Problem to work on:
What lines of the data hold the string "your"? Copy them all.

BEGIN Material shown

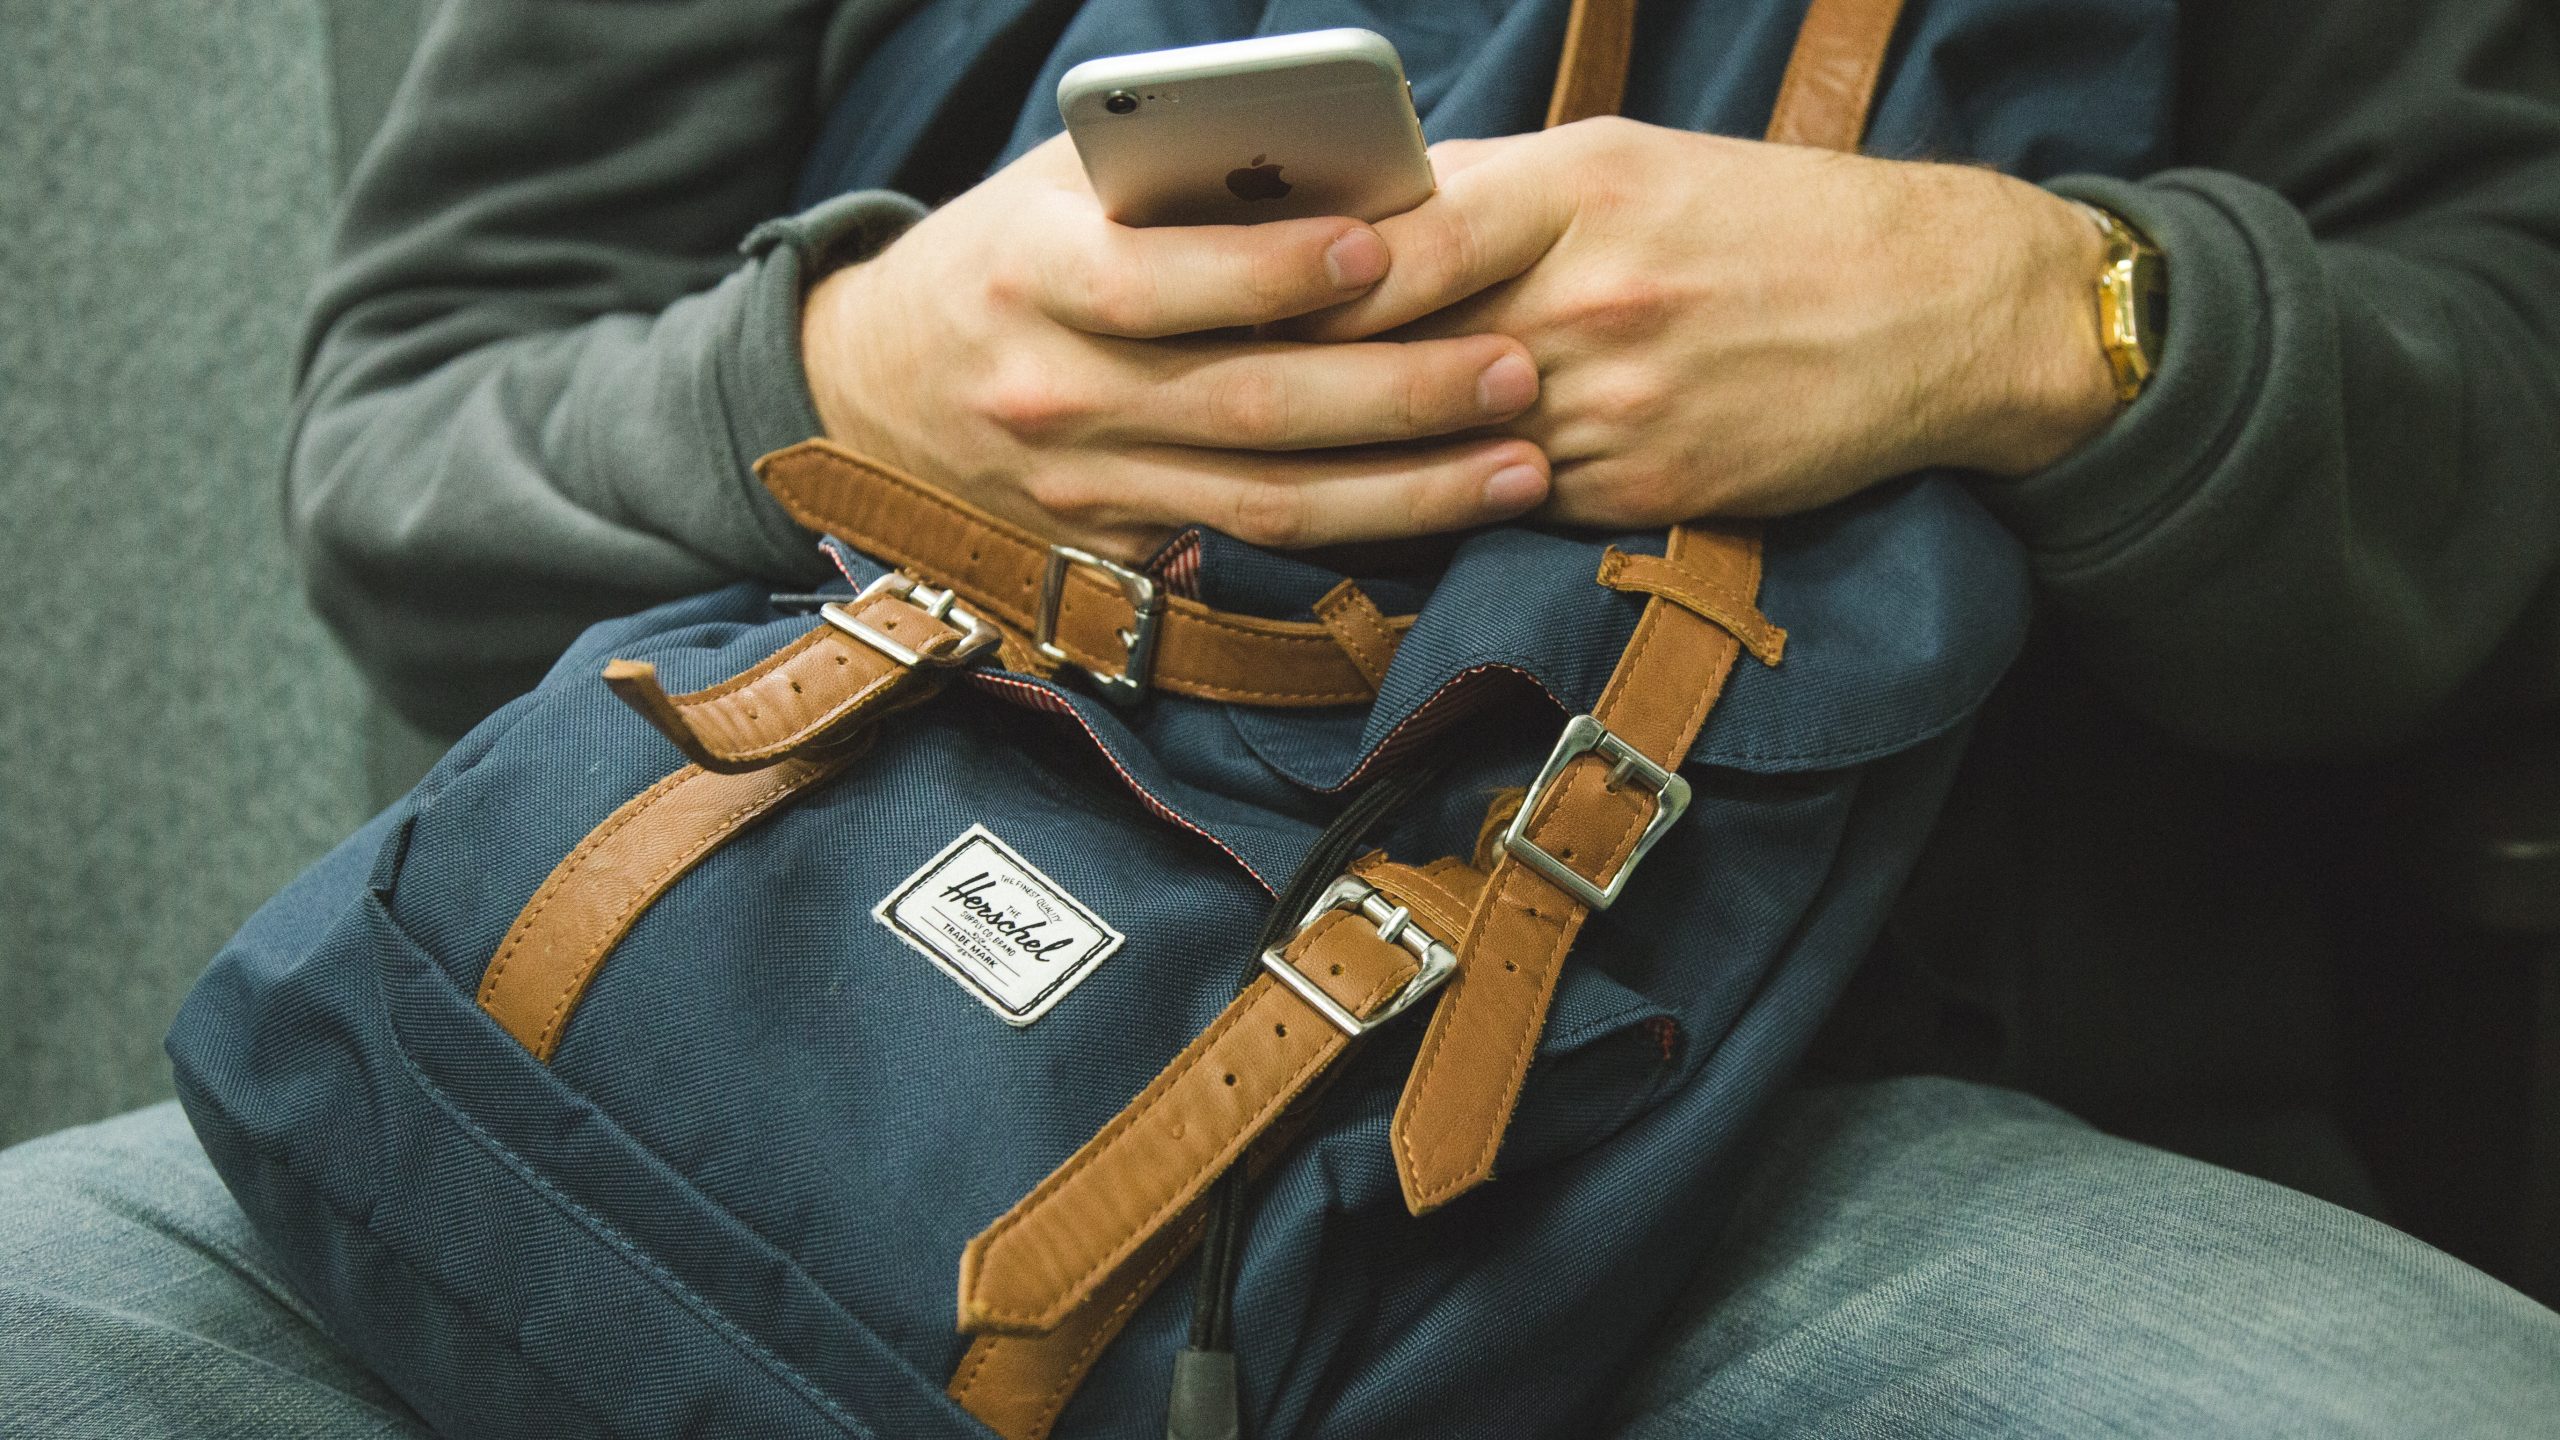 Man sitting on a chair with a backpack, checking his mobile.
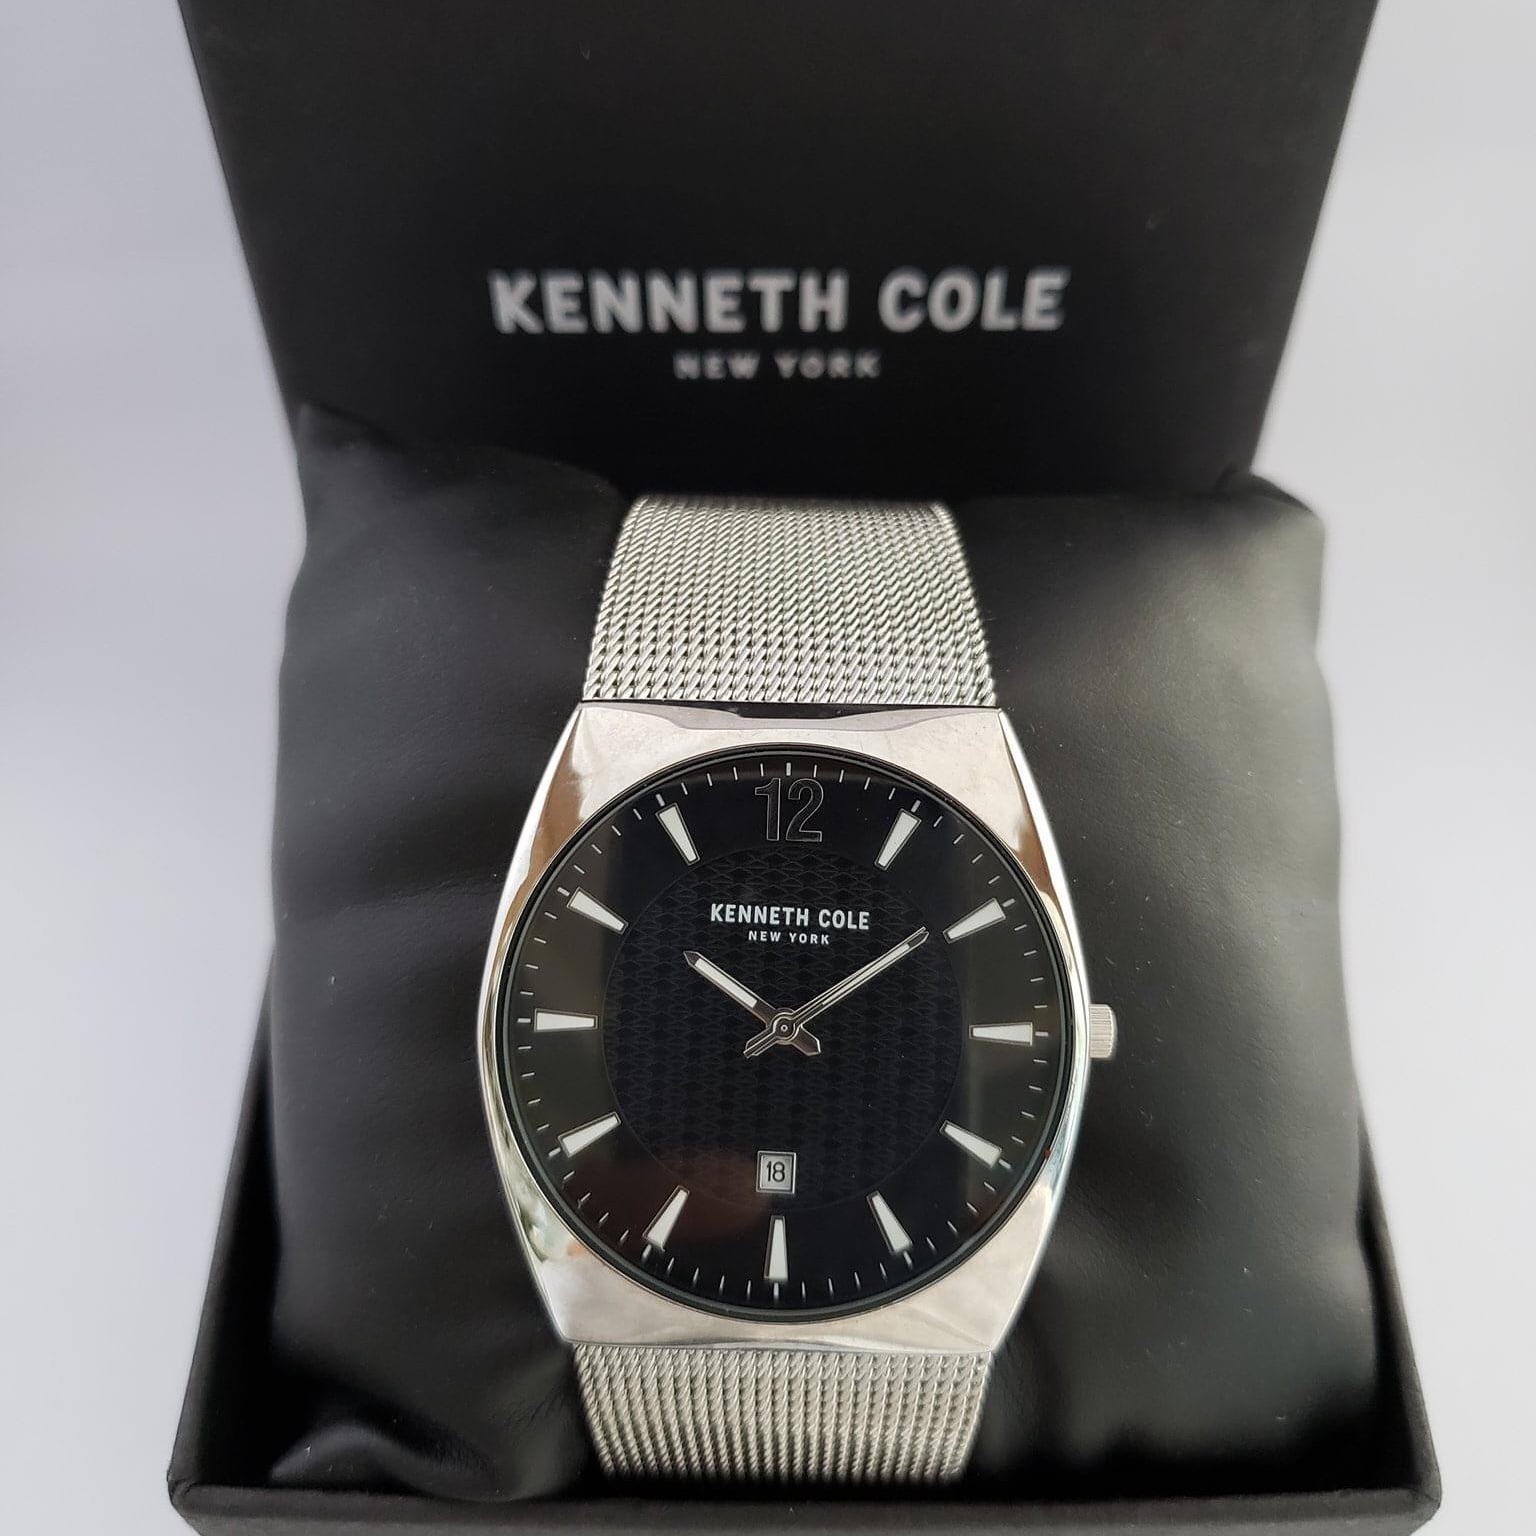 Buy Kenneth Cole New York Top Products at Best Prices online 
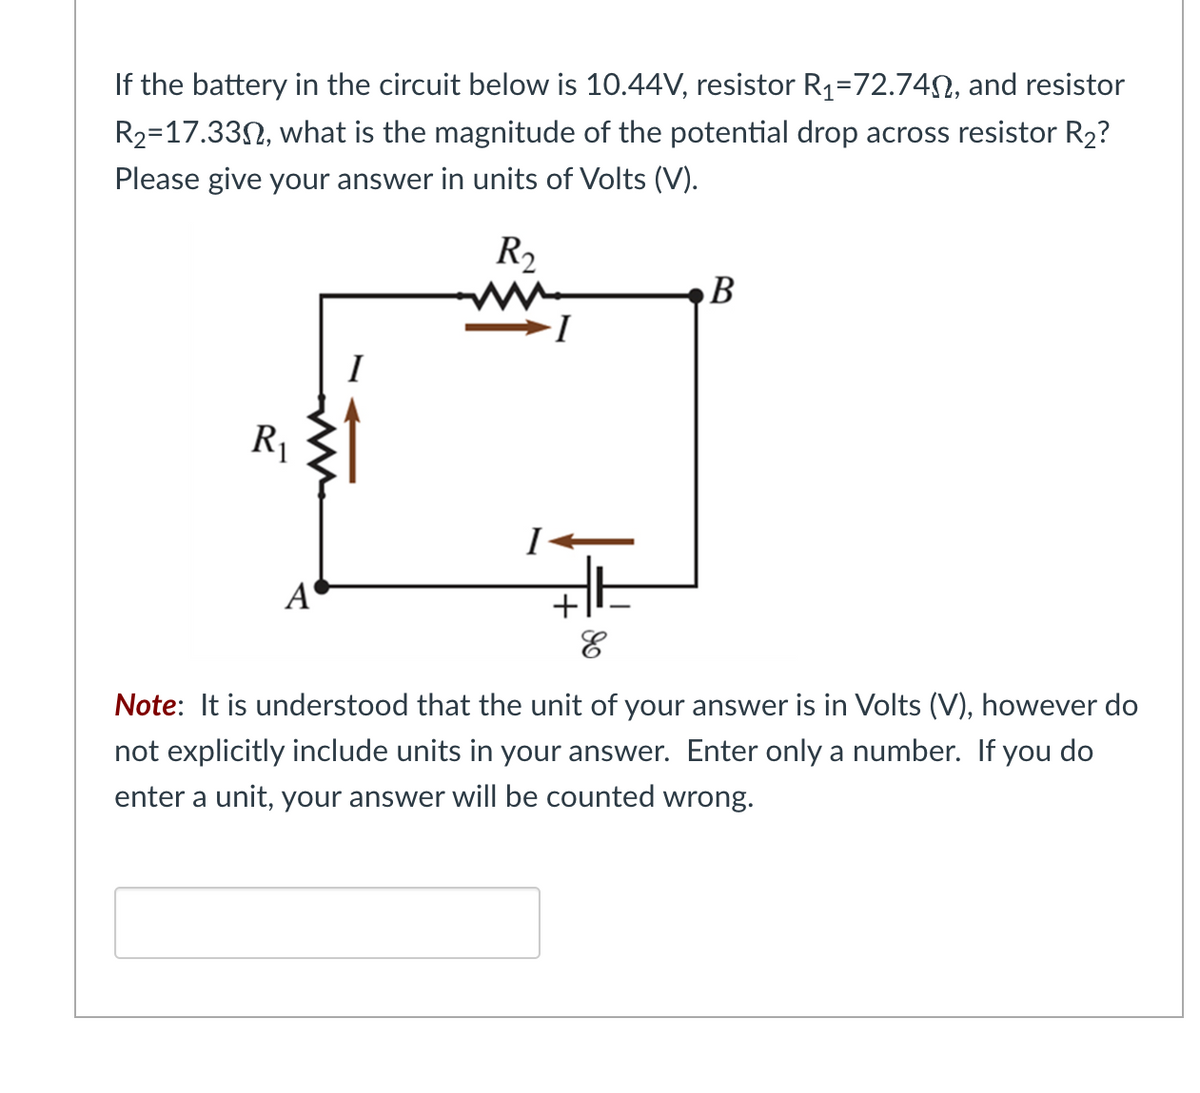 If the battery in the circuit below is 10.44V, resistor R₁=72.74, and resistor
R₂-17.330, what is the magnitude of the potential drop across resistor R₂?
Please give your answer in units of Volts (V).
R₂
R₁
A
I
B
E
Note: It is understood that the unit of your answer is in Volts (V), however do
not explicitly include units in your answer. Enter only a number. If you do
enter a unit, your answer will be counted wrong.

END Material shown

Answer space:
Please give your answer in units of Volts (V).
Note: It is understood that the unit of your answer is in Volts (V), however do
not explicitly include units in your answer. Enter only a number. If you do
enter a unit, your answer will be counted wrong.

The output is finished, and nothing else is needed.